It’s always wise to spend some time developing an itinerary BEFORE you buy your passes, because the right passes for you really depend on how you plan to spend your days. Some (actually, most) people will spend each day in only one theme park. Others like to “hop” between parks and water parks in one day. Some families with teenagers find themselves going to DisneyQuest a lot, and only certain passes include that option. And so on…
It’s important to get out your calculator, take a look at the prices and figure out which tickets make sense for your situation.
A few hints:
- For stays of 12 days or more, or if you plan to return to Walt Disney World within a year, consider an Annual Pass.
- If you will be buying Magic Your Way Tickets with the Park Hopper option and plan to visit a water park and/or DisneyQuest at least once, adding the Water Park Fun & More option is cheaper than buying a separate water park or DisneyQuest admission. Cost of the upgrade would be $26.62 on a 2-day or longer ticket.
- If you will be buying Magic Your Way Base Tickets (no Park Hopper) and plan to visit the water parks and/or DisneyQuest at least twice, adding the Water Park Fun & More option for $62.84 is cheaper than buying two water park or DisneyQuest admissions.

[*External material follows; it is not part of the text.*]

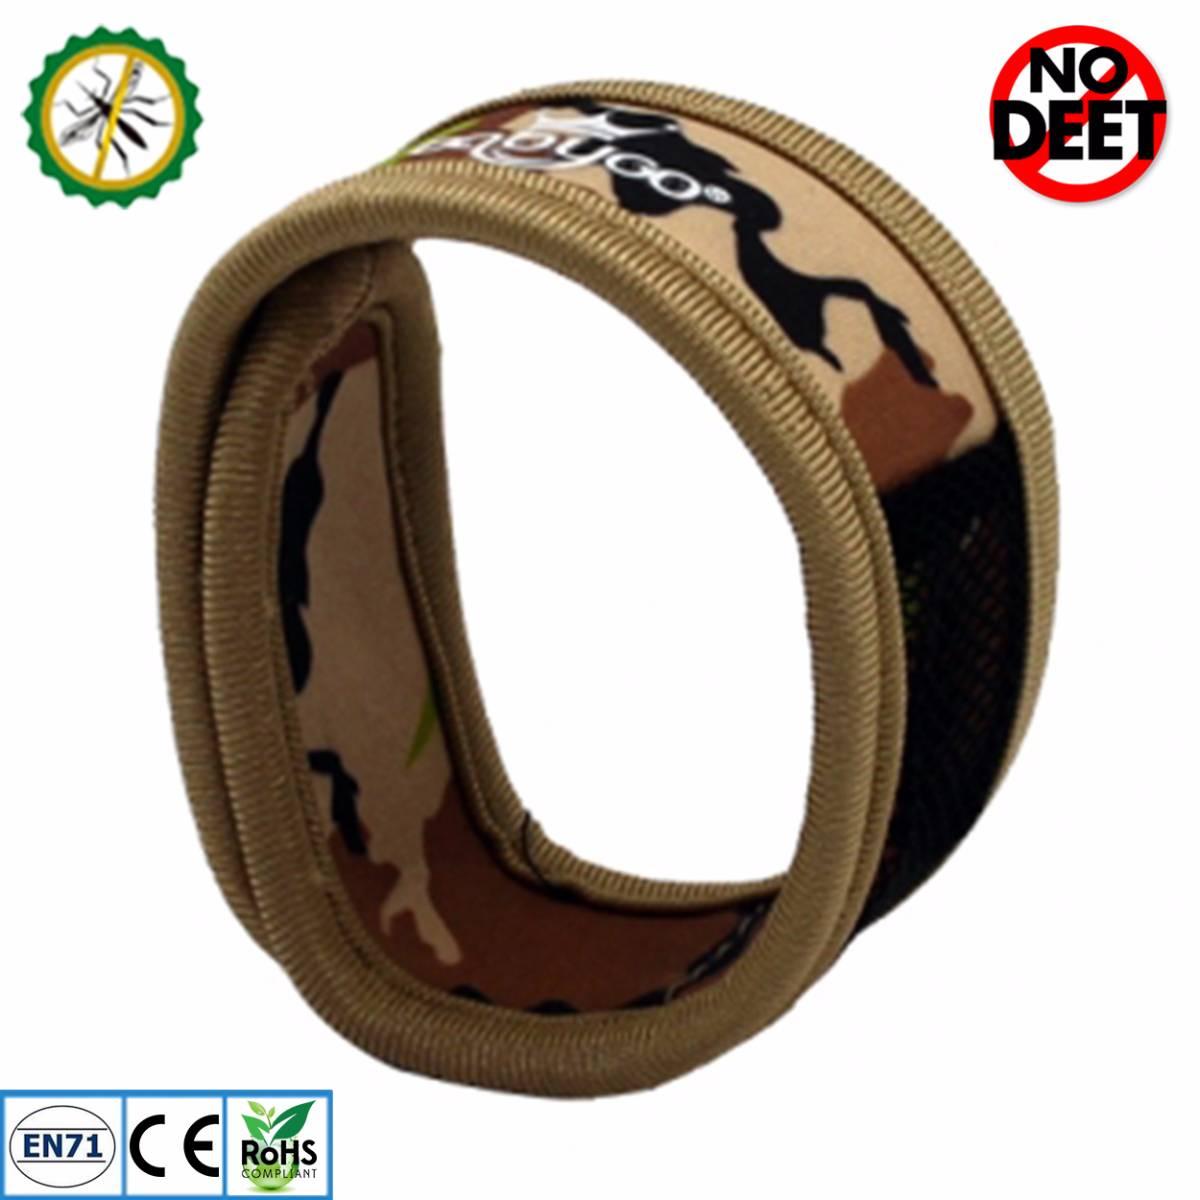 Babygo Neoprene Mosquito Repellent Wristband Camouflage (gelang Anti Nyamuk)
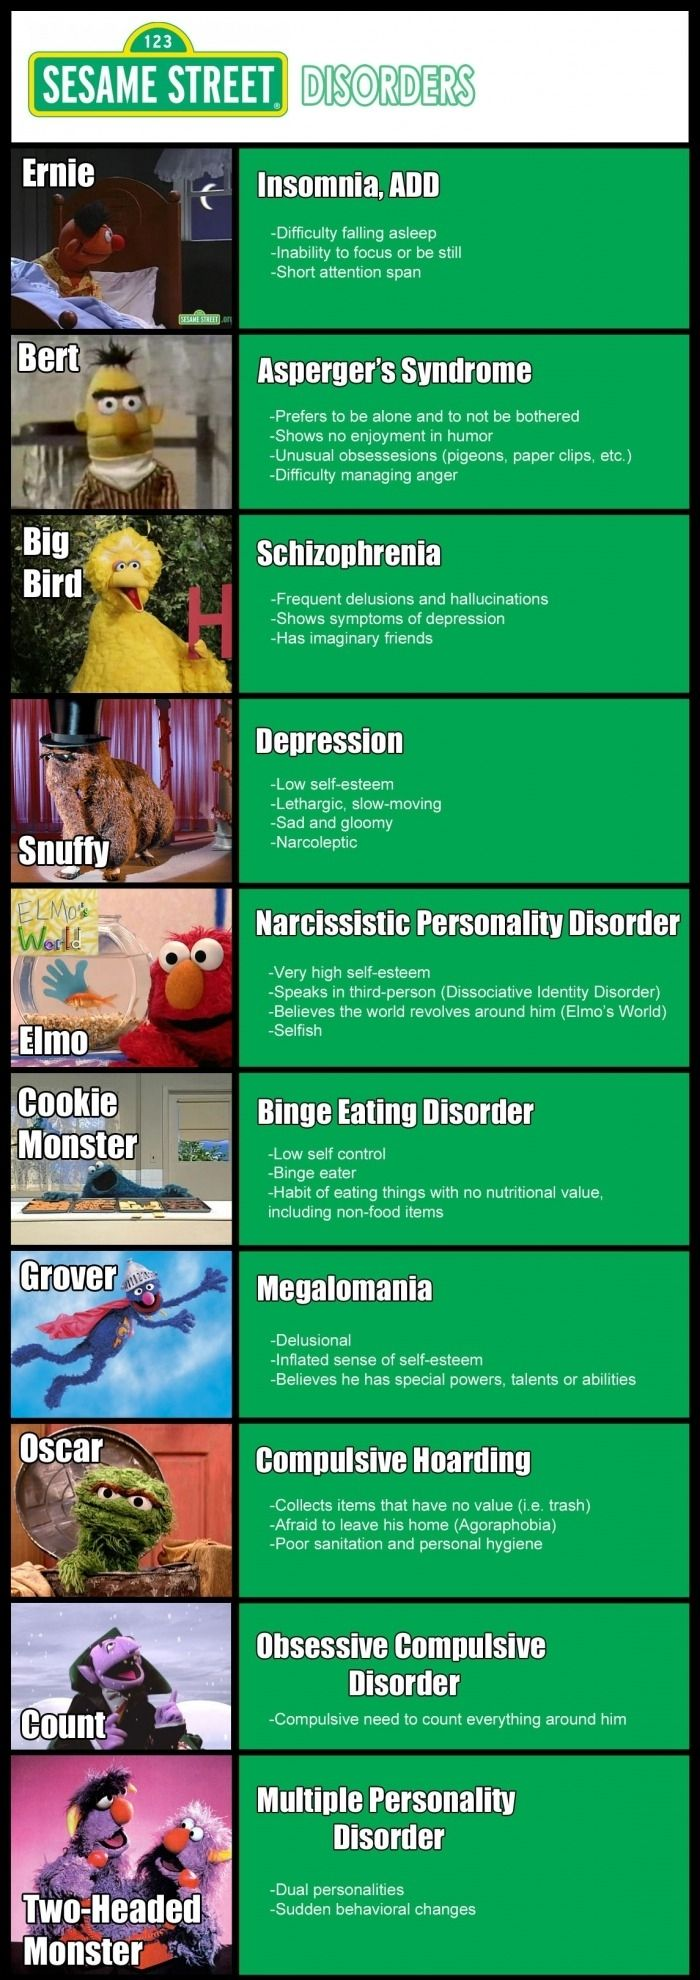 Sesame Street Disorders. First so Winnie the pooh now seamen street

- If you will be spending a lot of time at the water parks or DisneyQuest, consider buying a specialized annual pass for that one option (i.e. Water Park Annual Pass). It may be cheaper than buying individual admissions, adding the Water Park Fun & More option or upgrading to a Premium Annual Pass.
The chart below lists the best place to buy the most popular tickets sold to the general public.
However, be sure to check all your options. You may be overlooking a special deal for which you qualify, such as Florida resident, military/civil service, Disney Vacation Club and corporate discounts, which are not included in this chart. There are also some special tickets for visitors from UK/Ireland that I don’t list on the chart.
|Ticket Type||Cheapest Sources|
|1-Day Magic Your Way Ticket||at the gate – there are no discounts for the general public|
|2-Day Magic Your Way Ticket||at the gate – there are no discounts for the general public|
|3-Day, 4-Day, 5-Day, 6-Day, 7-Day, 8-Day, 9-Day or 10-Day Magic Your Way Tickets||Undercover Tourist, AAA (rarely)|
|Seasonal Pass, Annual Pass, Premium Annual Pass||Auto Club South|
1-Day, 2-Day and 3-Day tickets are the least economical option because Disney “front loads” the cost of its tickets: the first 3 days on the Base Ticket are by far the most expensive. After the first 3 days, the cost of adding extra days is much lower: only $17 + tax to add Day 4 and $10 + tax per day for each additonal day, up to a total of 10 days. Obviously Disney wants you to stay for 4 days or longer.
So you’ll get the most value out of a 4-day or longer ticket, but perhaps you want a shorter ticket for one reason or another. Maybe two or three days in a major theme park is all you can handle during one vacation, for example. Here are some ways to stretch the value of the shorter tickets.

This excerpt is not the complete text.